Astronomers previously found and magnetars. For example, in the center of the milky way is several such objects. However, they all like the object ASASSN-15lh. Most magnetars have a low speed of rotation and typically run from one to ten revolutions per second. However, don and his colleagues believe that the Magnetar in the supernova ASASSN-15lh makes a thousand revolutions per second. And this, among other things, limit the speed of rotation of magnetars, according to theoretical physics.
The change in false colours images of the galaxy before the explosion ASASSN-15lh captured by the camera Dark Energy Camera (left), and after the birth of a supernova captured by a global network of telescopes of the Las Cumbres Observatory (right)
The energy of this rotation is the source of power of a supernova.
“Over time, the star stronger and stronger slows down its rotation due to the loss of its rotational energy. In the end, this energy loss is marked by the stream of charged wind that hits supernova and makes it even brighter,” says Todd Thompson, co-author of the study from Ohio state University (USA).
For the formation of such a bright supernova, which is ASASSN-15lh, you want almost all the energy of the Magnetar was transformed into light. Such phenomenon from a technical point of view possible, but it happens very rarely and is actually located on the border of our knowledge about how in General behave magnetars.
“We need all the energy very rapidly rotating Magnetar to form this kind of supernova, which we can observe in this case,” says study co-author Kris Stanek of Ohio state University (USA).
The team notes that this unusually rare combination of circumstances is on the verge of what physics currently know about magnetars. However, this particular scenario is the most likely explanation for the unprecedented brightness ASASSN-15lh.
The star, which formed from the supernova ASASSN-15lh, had to be very massive, blue, hot star with a very high rotation speed. Most likely, it has lost its outer layers of hydrogen and helium shortly after his death, as these elements could not be detected in a supernova. Through various telescopes around the world, scientists conducted a spectral analysis to find out which chemical elements may be contained in the remaining stars from the gas cloud.
Astronomers are not yet sure about, however there is an assumption that the star from which the supernova appeared later, belonged to the class of massive stars, wolf — Rayet.
“There are stars which have no hydrogen or helium. Many of these stars have very high rotation speed. Such stars are called stars wolf — Rayet. I wouldn’t exclude the possibility that earlier this supernova was just one of those stars. Because these stars really are, and we have found a supernova fits this description. It is rare, does not have helium and hydrogen, it is massive and has a very high rotation speed,” says Stanek.

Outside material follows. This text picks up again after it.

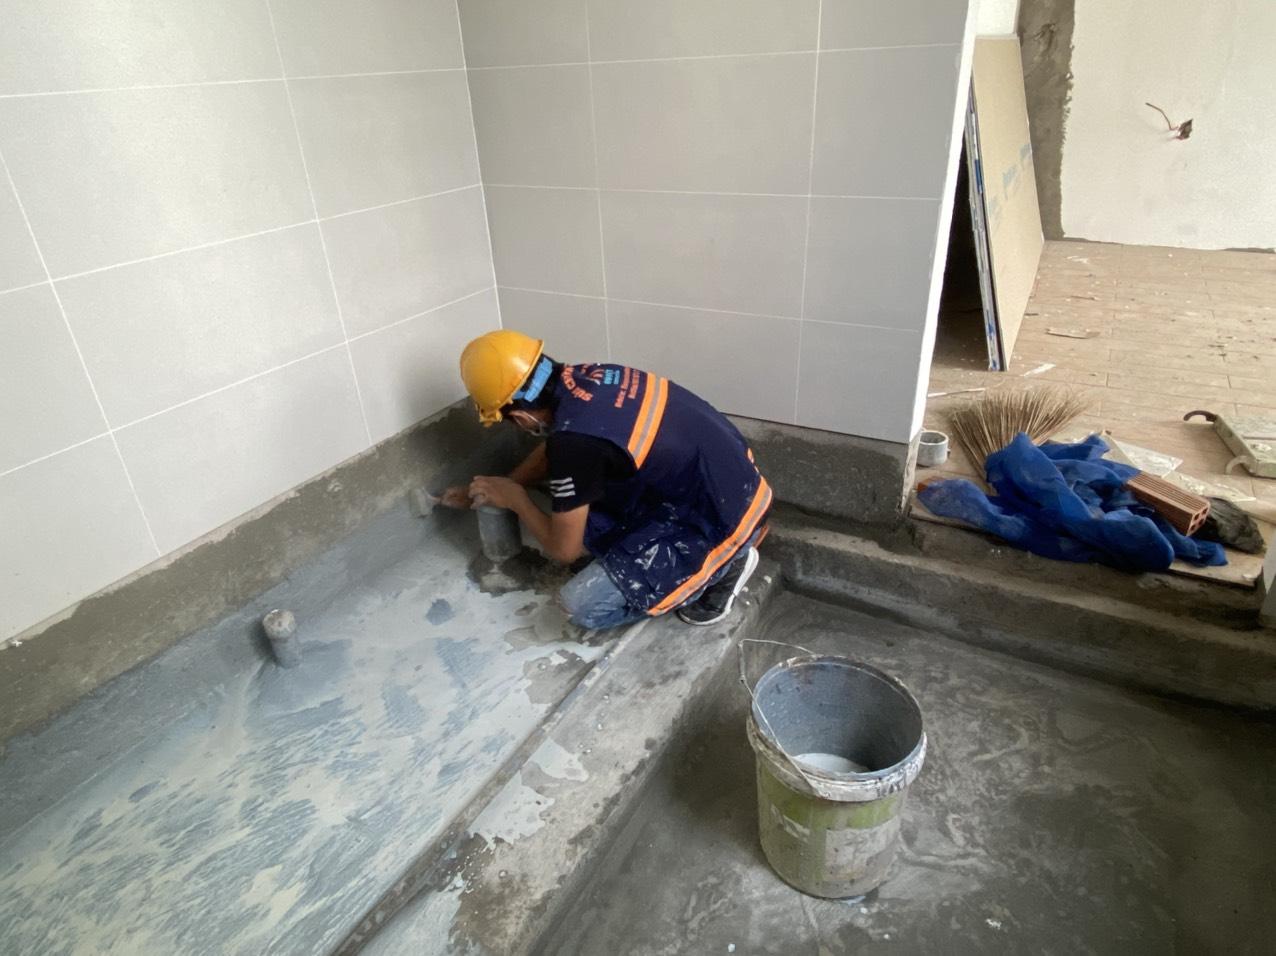 chong tham nha ve sinh tai tphcm 8 - Chống thấm nhà vệ sinh tại TP Hồ Chí Minh triệt để 100%

Supernova ASASSN-15lh is approximately 3.8 to 4 billion light years. In other words, now we see a ghostly light from the explosion of a star that happened billions of years ago, when our planet was a cooling process. The light from it reached Earth in June 2015 and was first discovered by a pair of telescopes in Chile, which is part of a global network of telescopes All-Sky Automated Survey for SuperNovae, or abbreviated as ASAS-SN.
Star ASASSN-15lh is one of 180 supernova that has been detected by the network ASAS-SN in 2015, and one of 270 stars discovered since the start of this surveillance program, which began about two years ago.
“This is truly an amazing discovery. People are observation and study of supernovae many decades. Meanwhile, our project in just two years. However, during these two years we found the object, the opening of which was jealous of many scientists dealing with the issue of a supernova”, says Stanek.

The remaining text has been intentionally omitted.